§ **PROMPT**
Print the data once more, exactly as given. Drop the pictures.

§ **EXERCISE DATA**
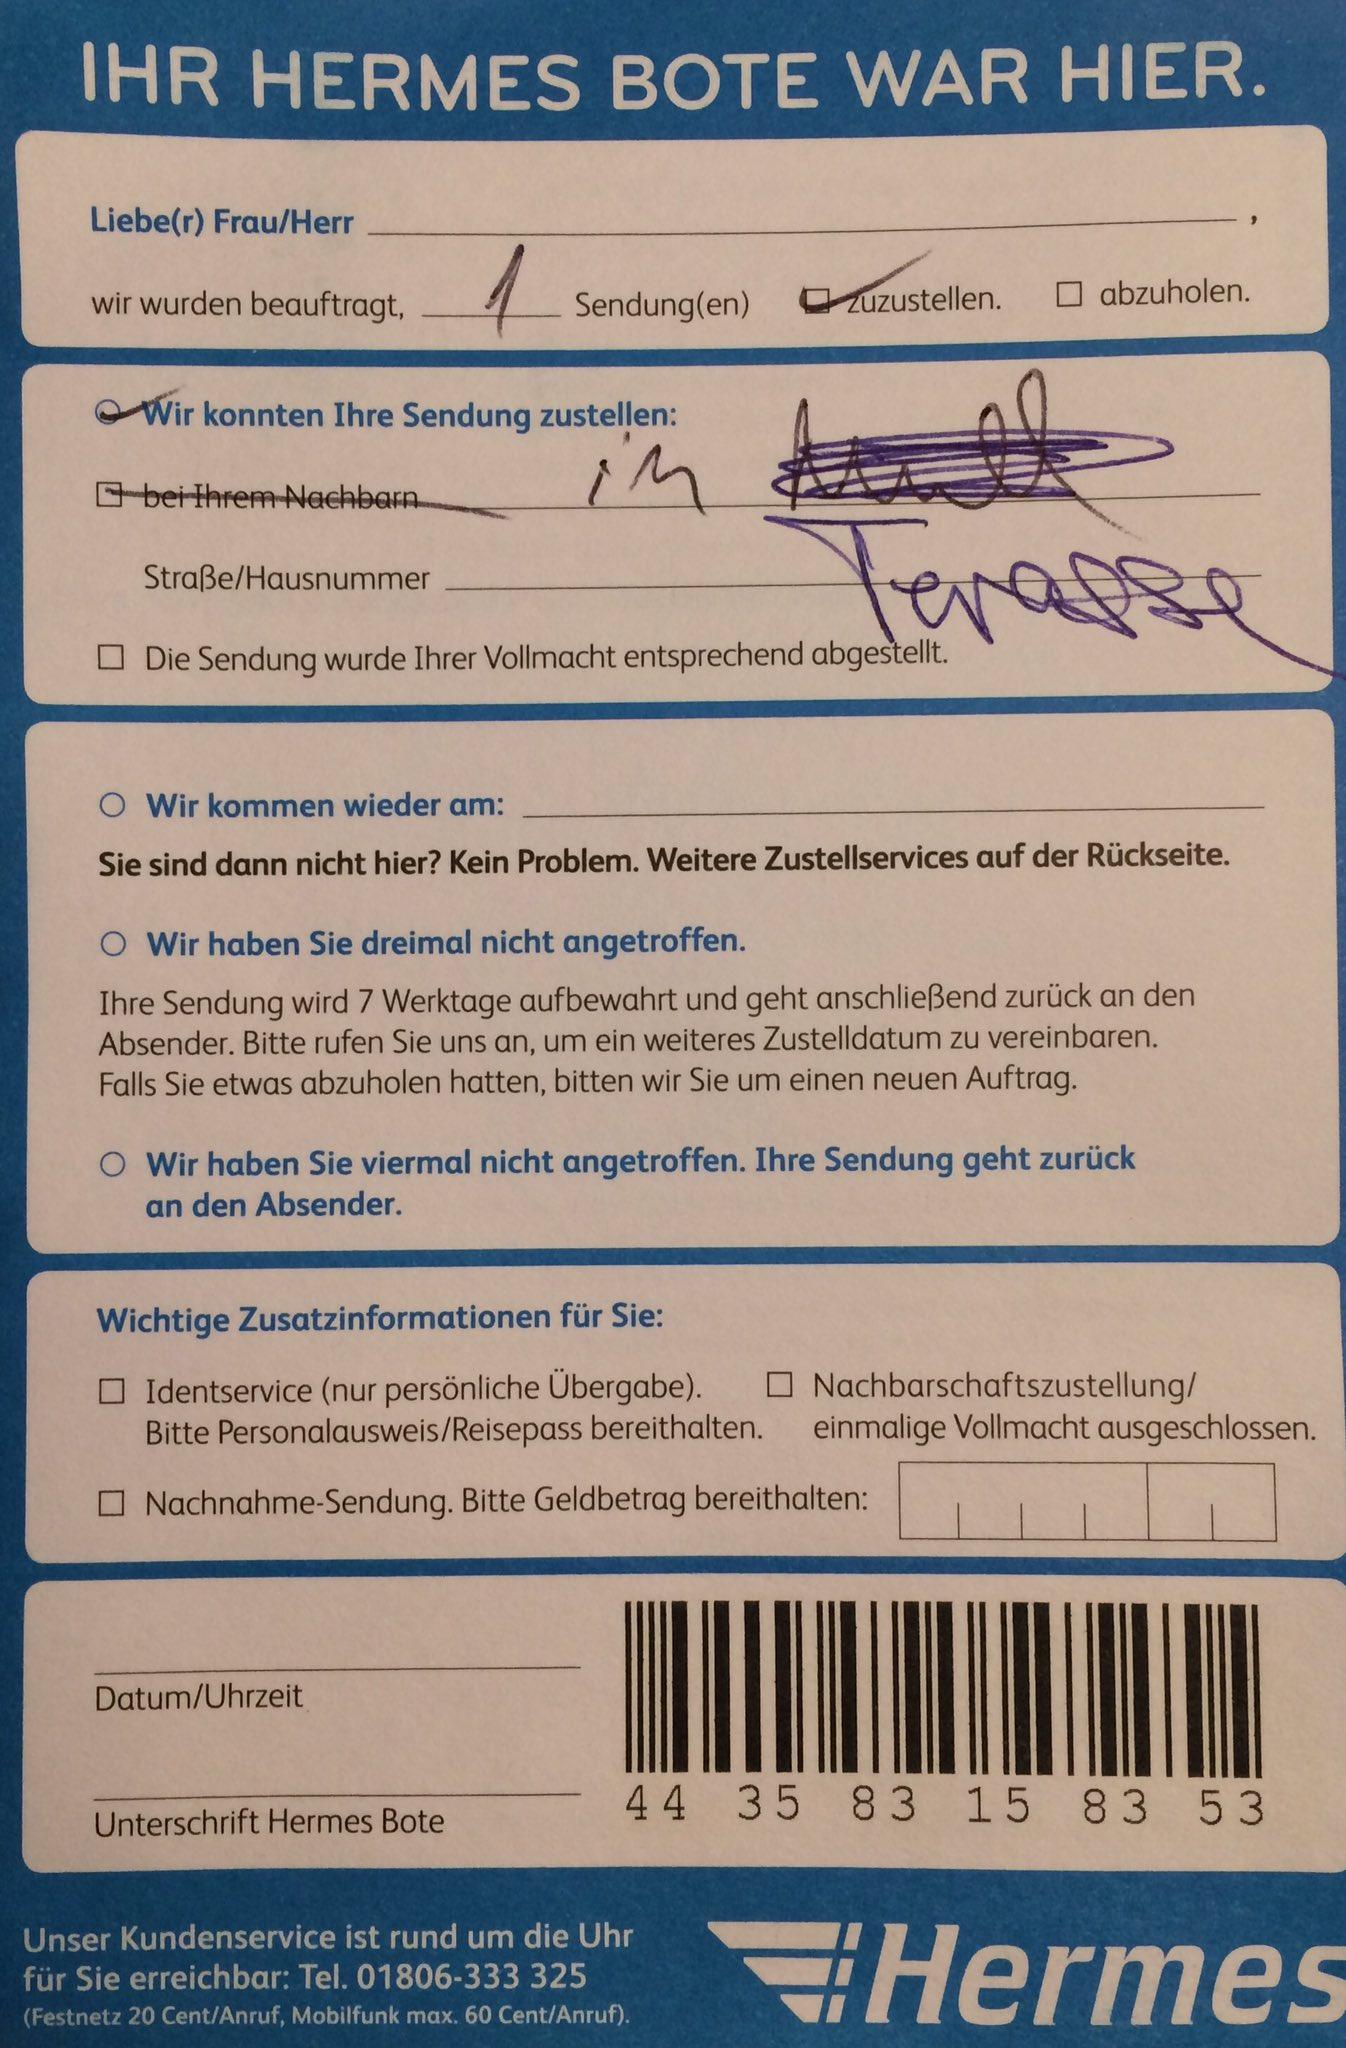 Wie muss ich mir das vorstellen? Pakete werden in den Müll geworfen? @hermesDE #wahnsinn #müll #hermes #paket https://t.co/nPf4mXh2qE
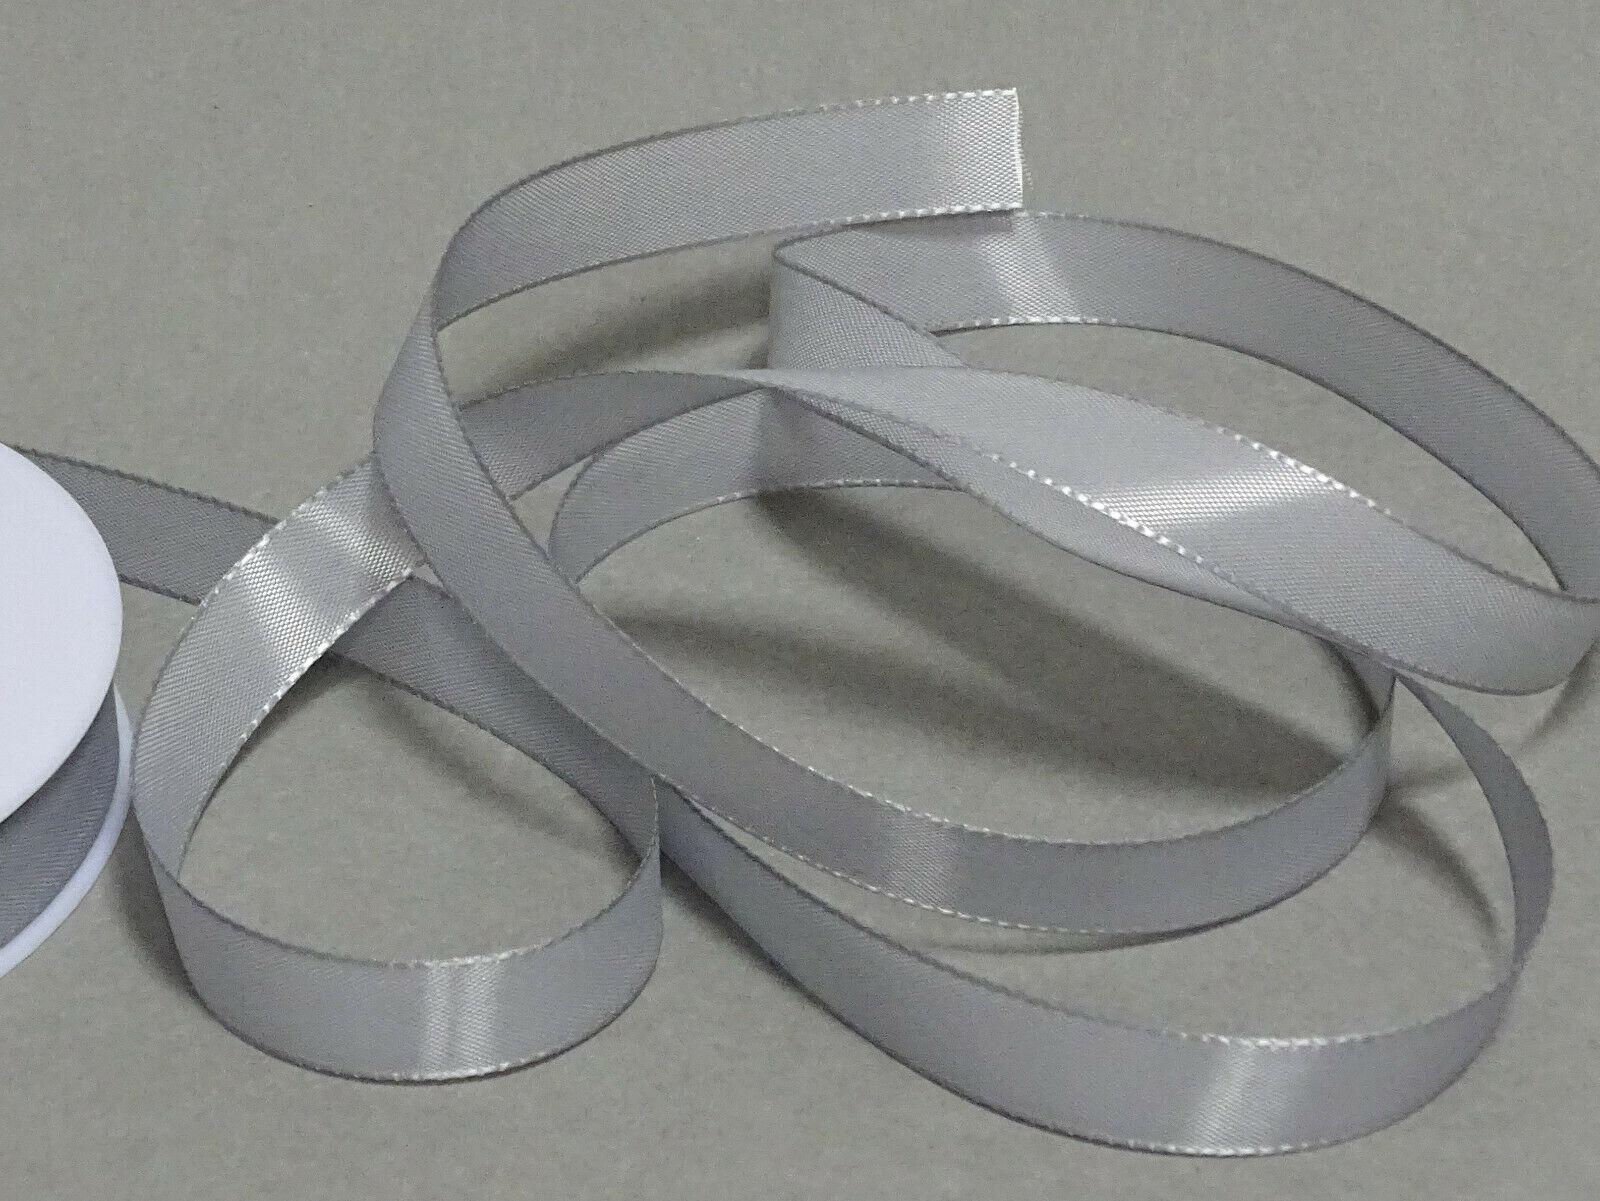 Seidenband Schleifenband 50 m x 15 / 25 / 40mm Dekoband ab 0,08€/m Geschenkband  - Silber-Grau 903, 25 mm x 50 m
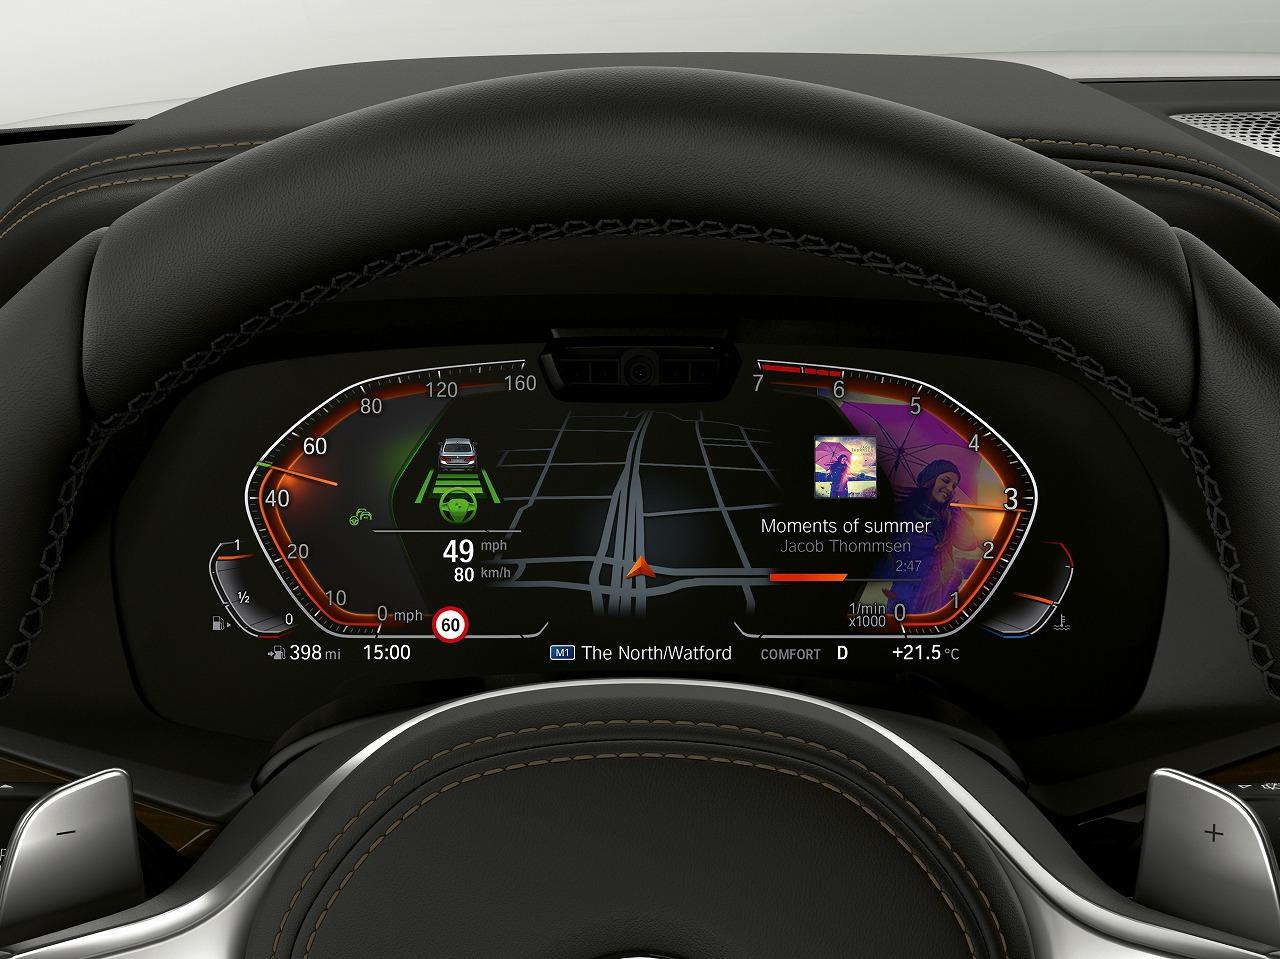 BMWがパリモーターショーで公開される新型3シリーズ、X5、Z4、8シリーズに搭載される「BMWオペレーティングシステム7.0」のハイライト画像を公開!

§ **TASK SOLUTION**
 Wie muss ich mir das vorstellen? Pakete werden in den Müll geworfen? @hermesDE #wahnsinn #müll #hermes #paket https://t.co/nPf4mXh2qE
 Seidenband Schleifenband 50 m x 15 / 25 / 40mm Dekoband ab 0,08€/m Geschenkband  - Silber-Grau 903, 25 mm x 50 m
 BMWがパリモーターショーで公開される新型3シリーズ、X5、Z4、8シリーズに搭載される「BMWオペレーティングシステム7.0」のハイライト画像を公開!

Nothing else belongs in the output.